══ RECORDS FOR THIS EXERCISE ══

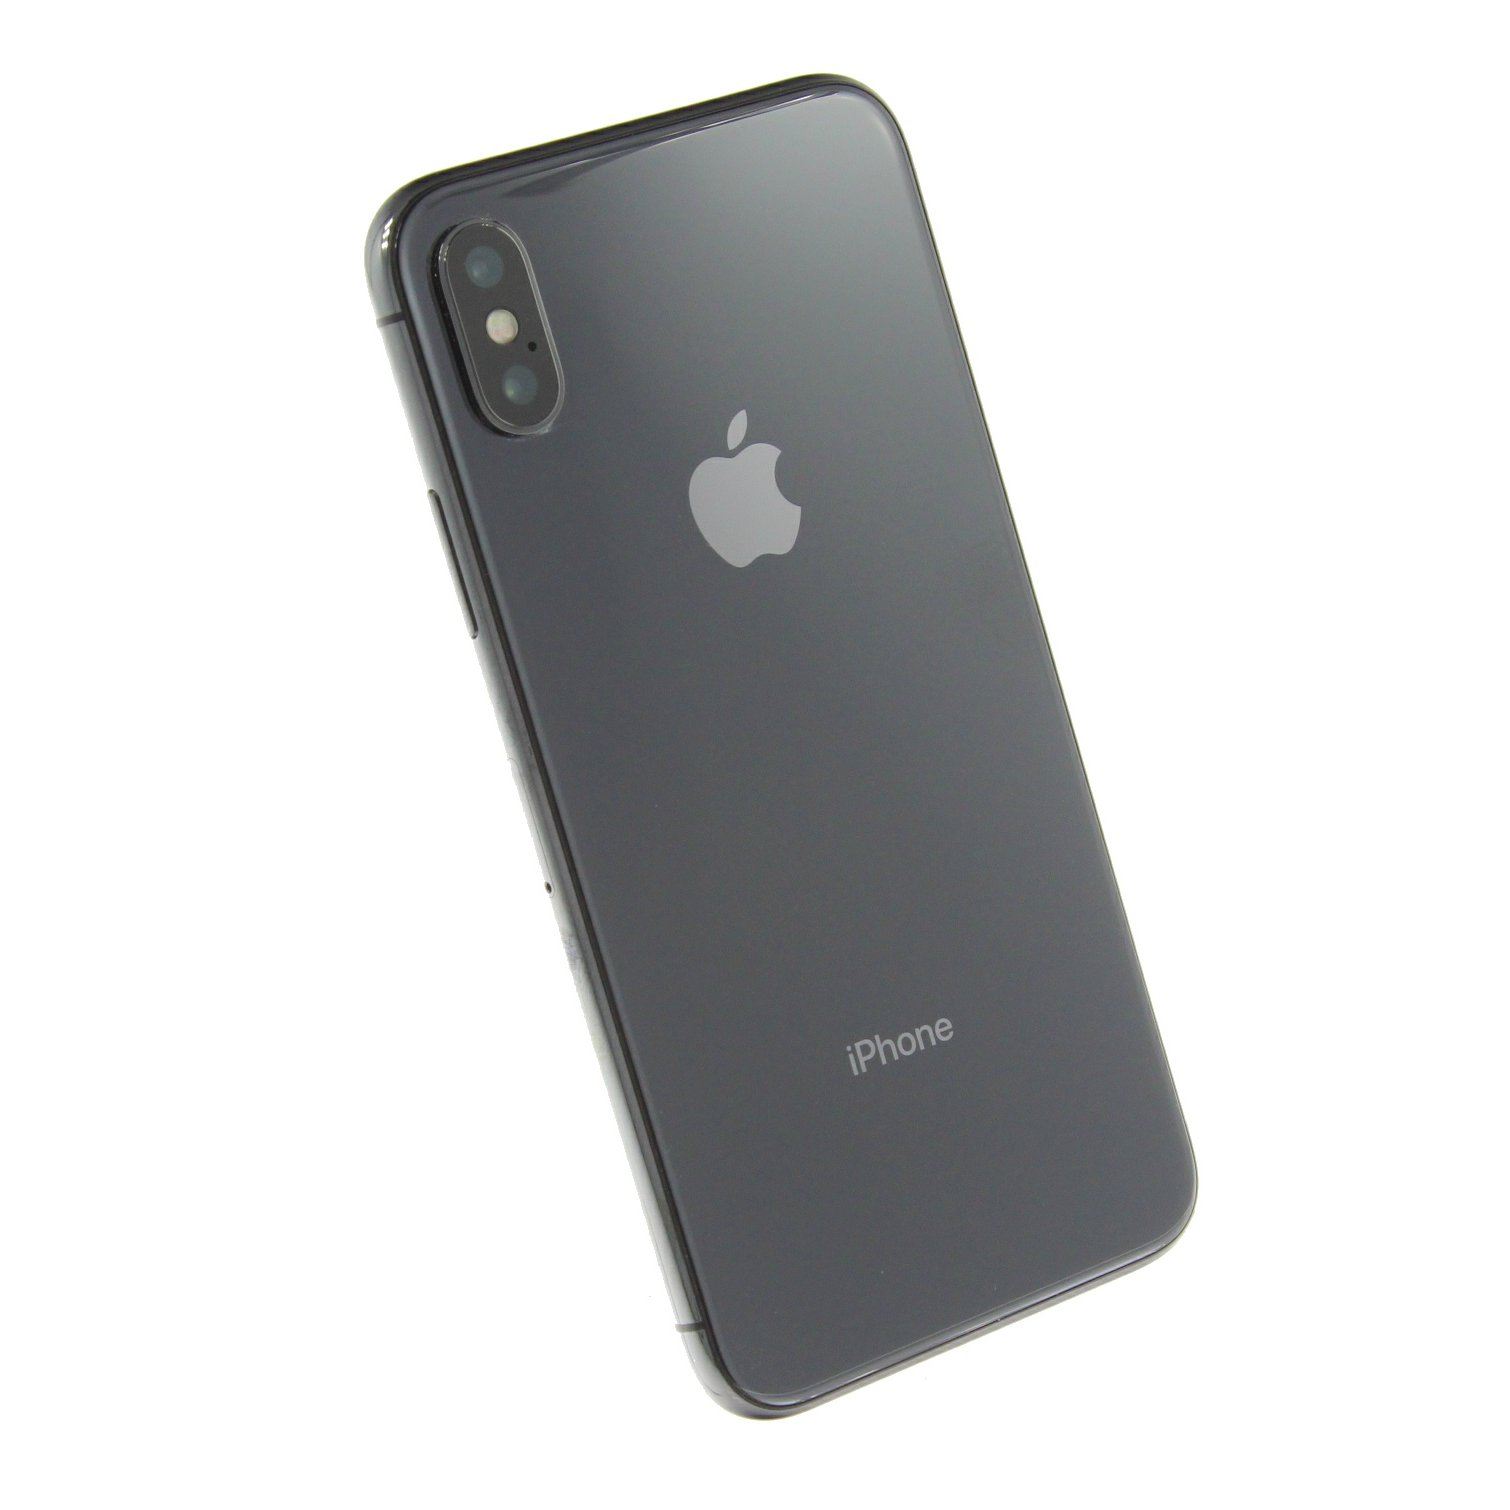 Apple Iphone X, 256GB, Space Gray - Fully Unlocked (Renewed)
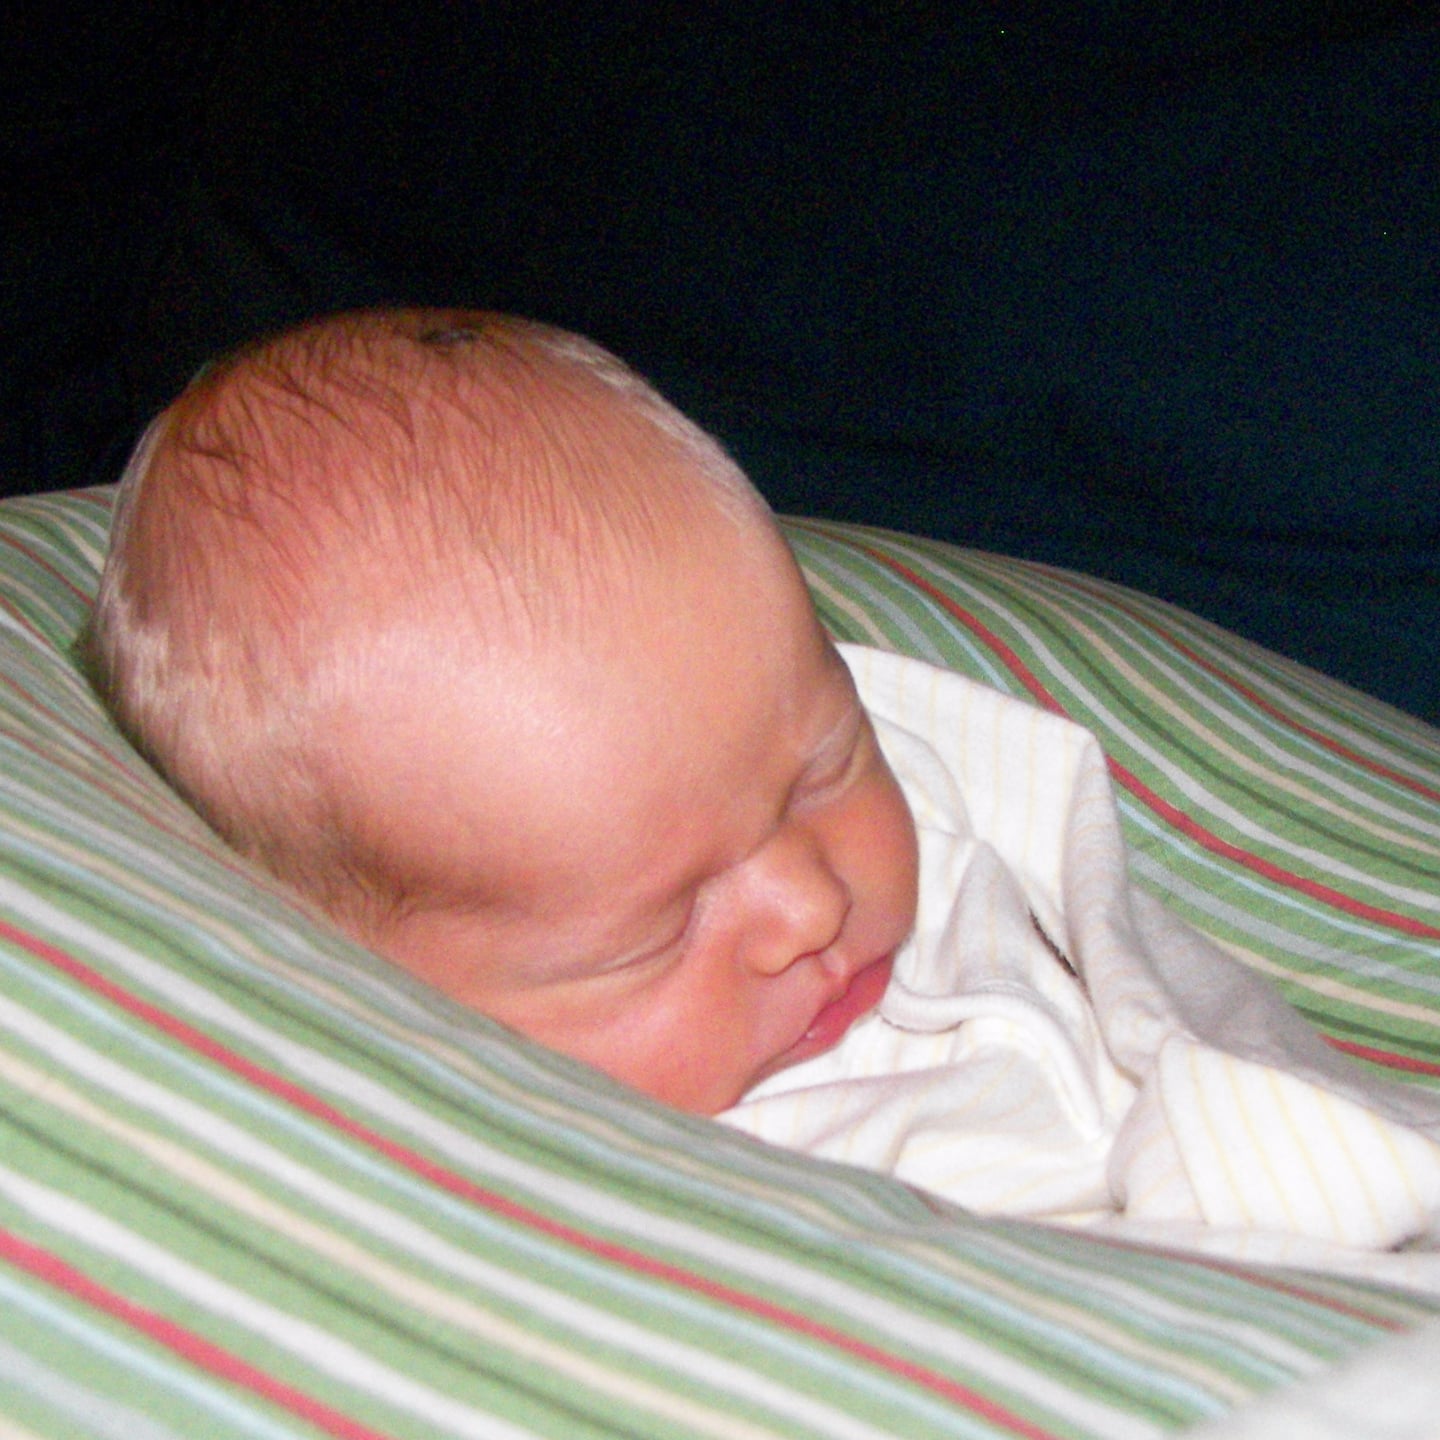 pillow to help baby sleep
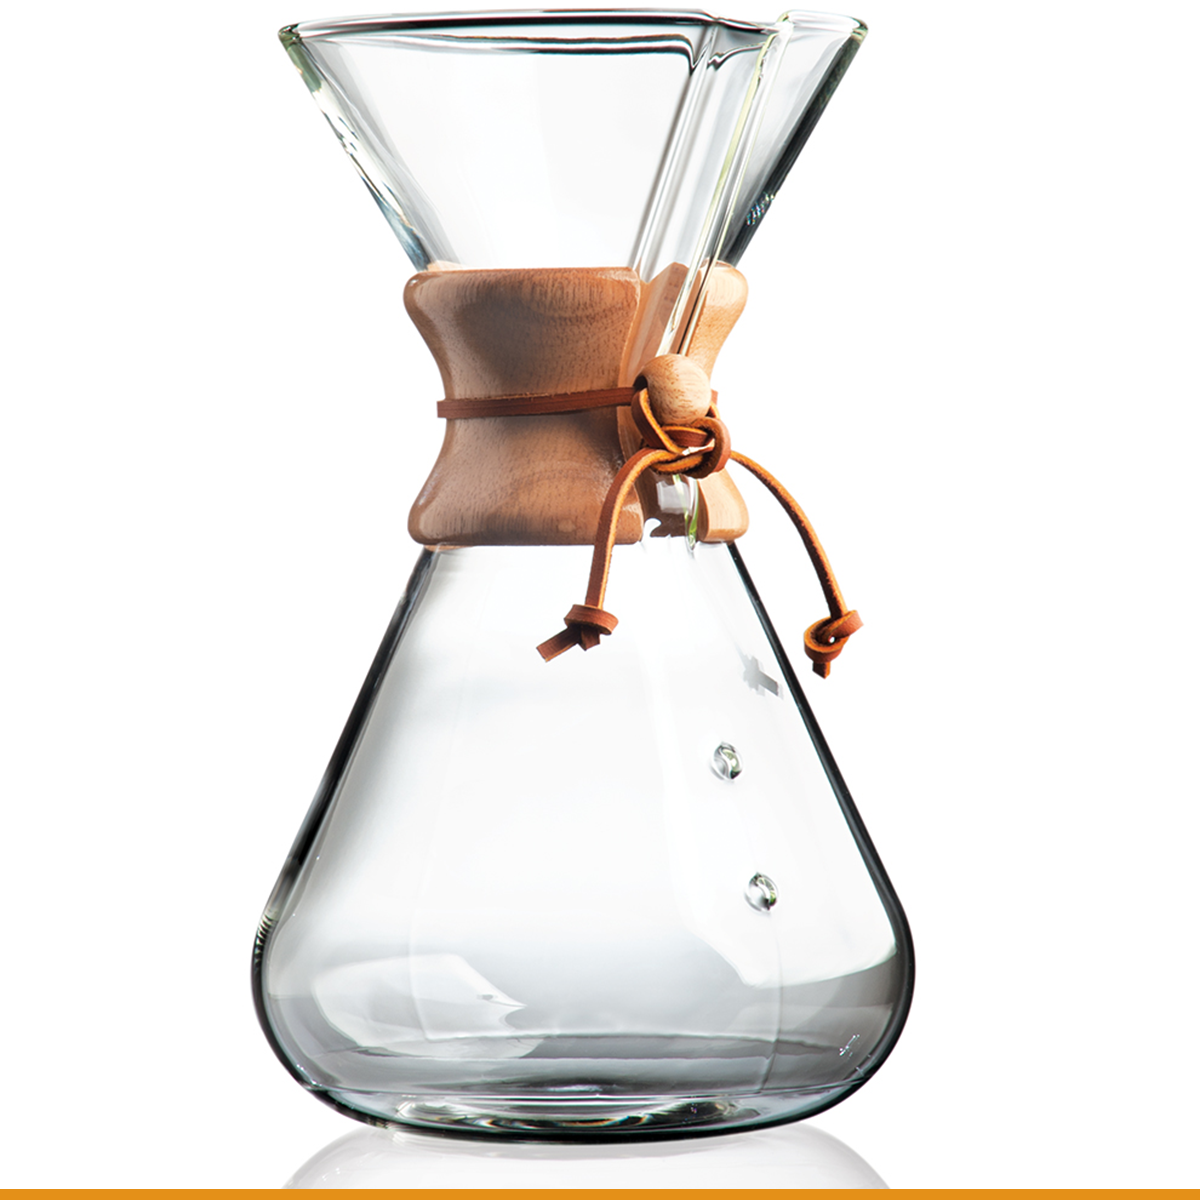 Chemex Shocks World With High Concept $350 Coffee Maker
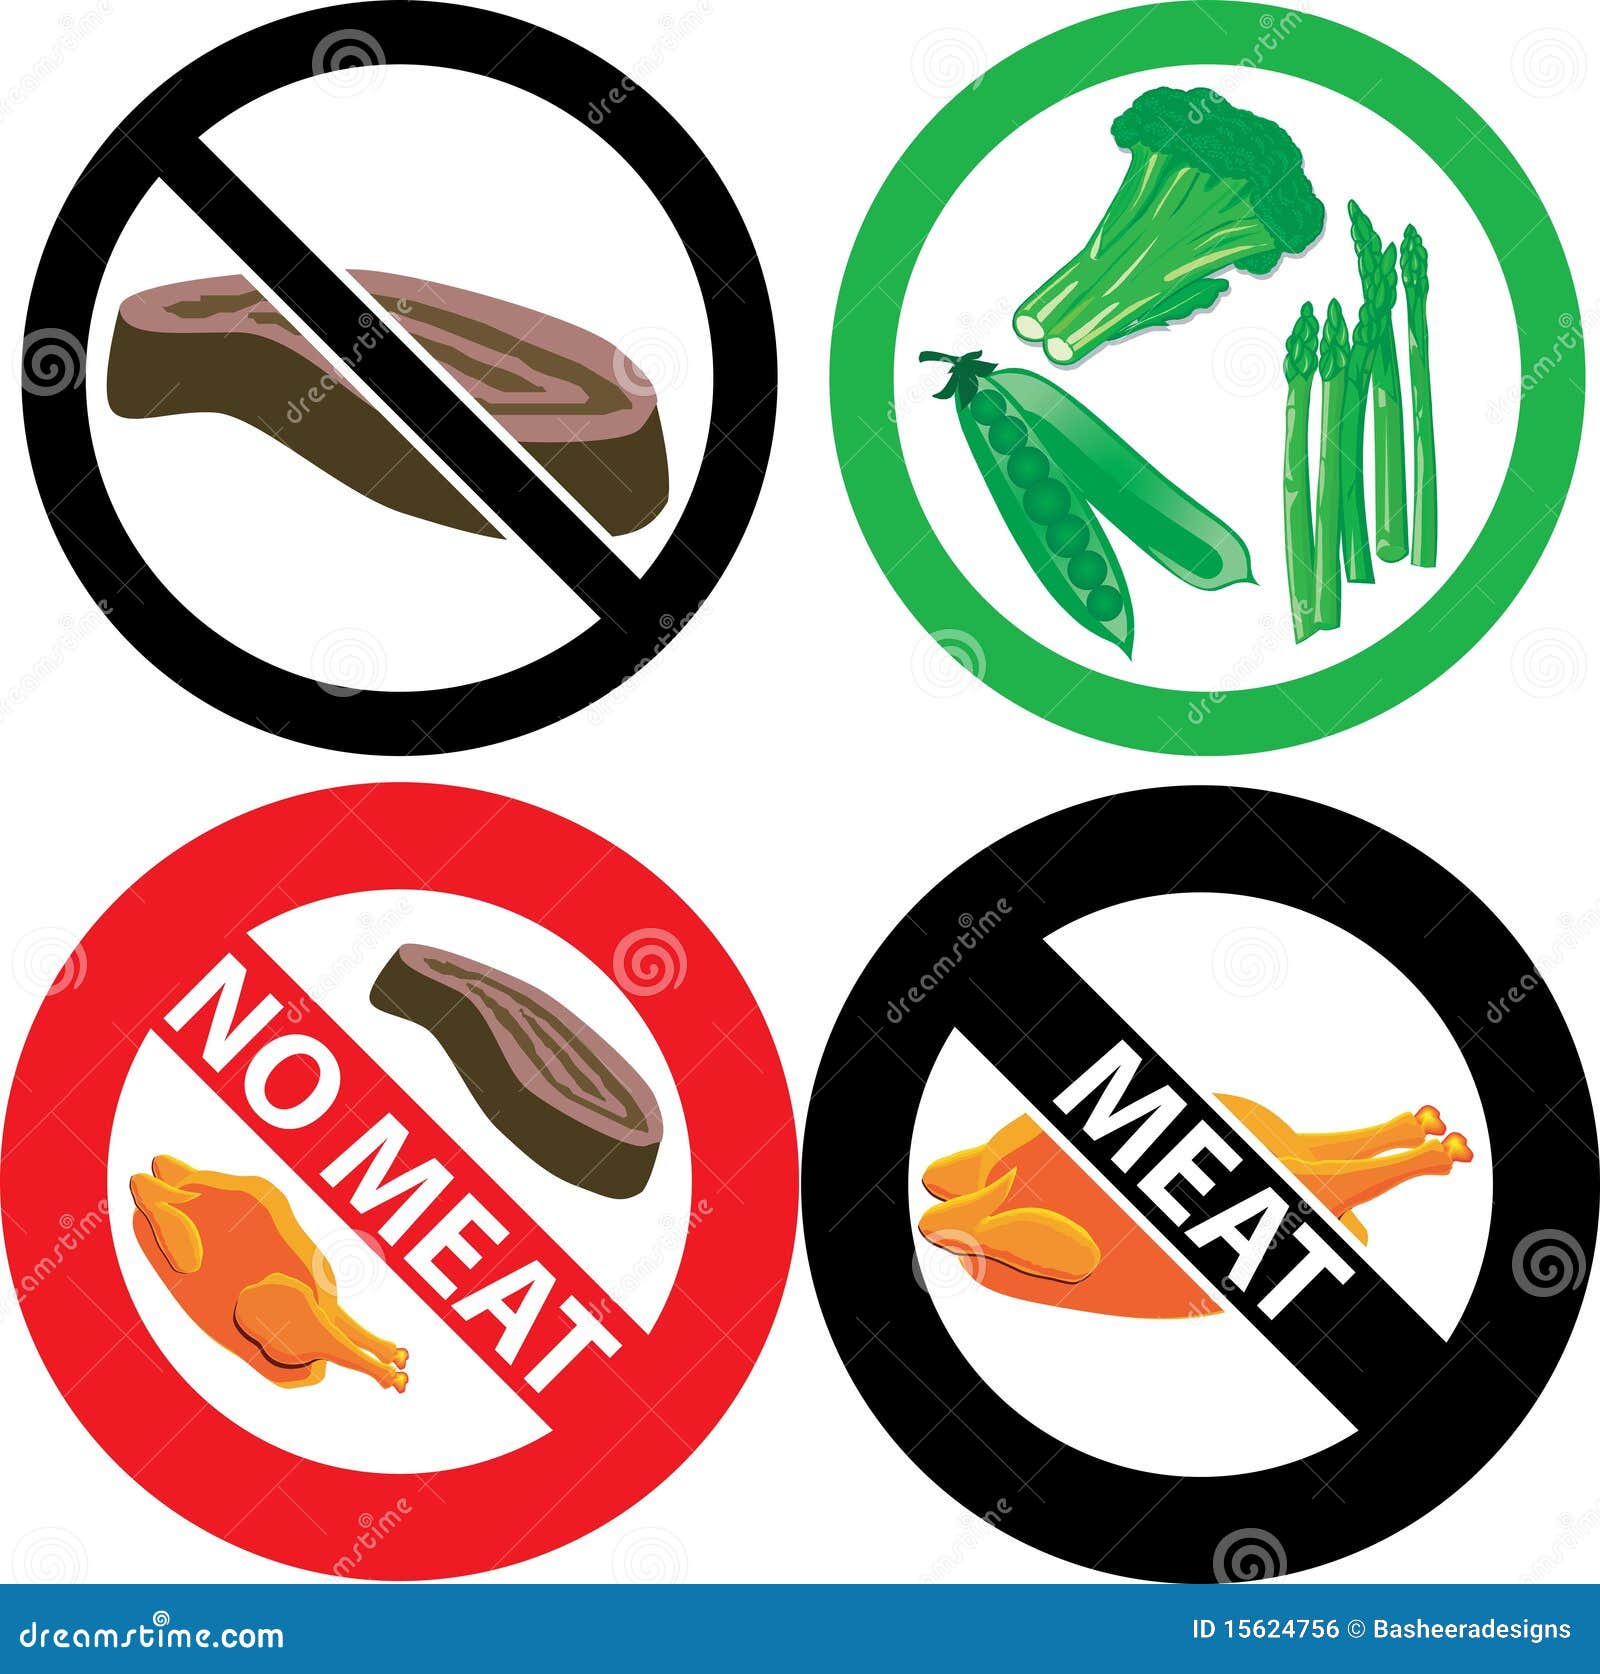 Мясо есть запретят. Знак нет мяса.
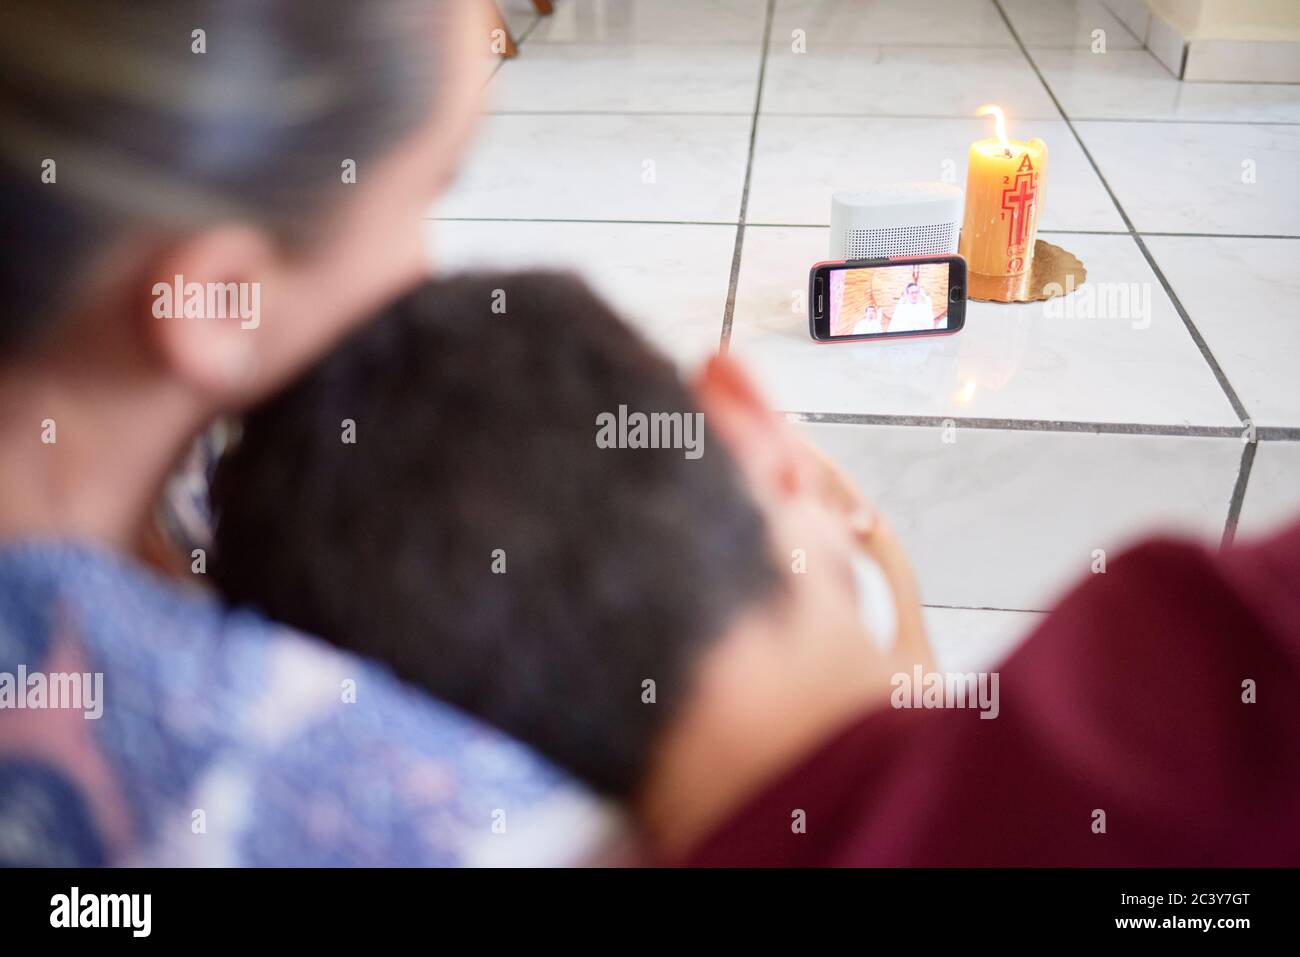 Family attending mass on cellphone Stock Photo

═══

▶ _EXERCISE BRIEF_: The copy must match the listing above exactly, except that it holds no pictures.

▶ _ANSWER SPACE_:
 Apple Iphone X, 256GB, Space Gray - Fully Unlocked (Renewed)
 pillow to help baby sleep
 Chemex Shocks World With High Concept $350 Coffee Maker
 Мясо есть запретят. Знак нет мяса.
 Family attending mass on cellphone Stock Photo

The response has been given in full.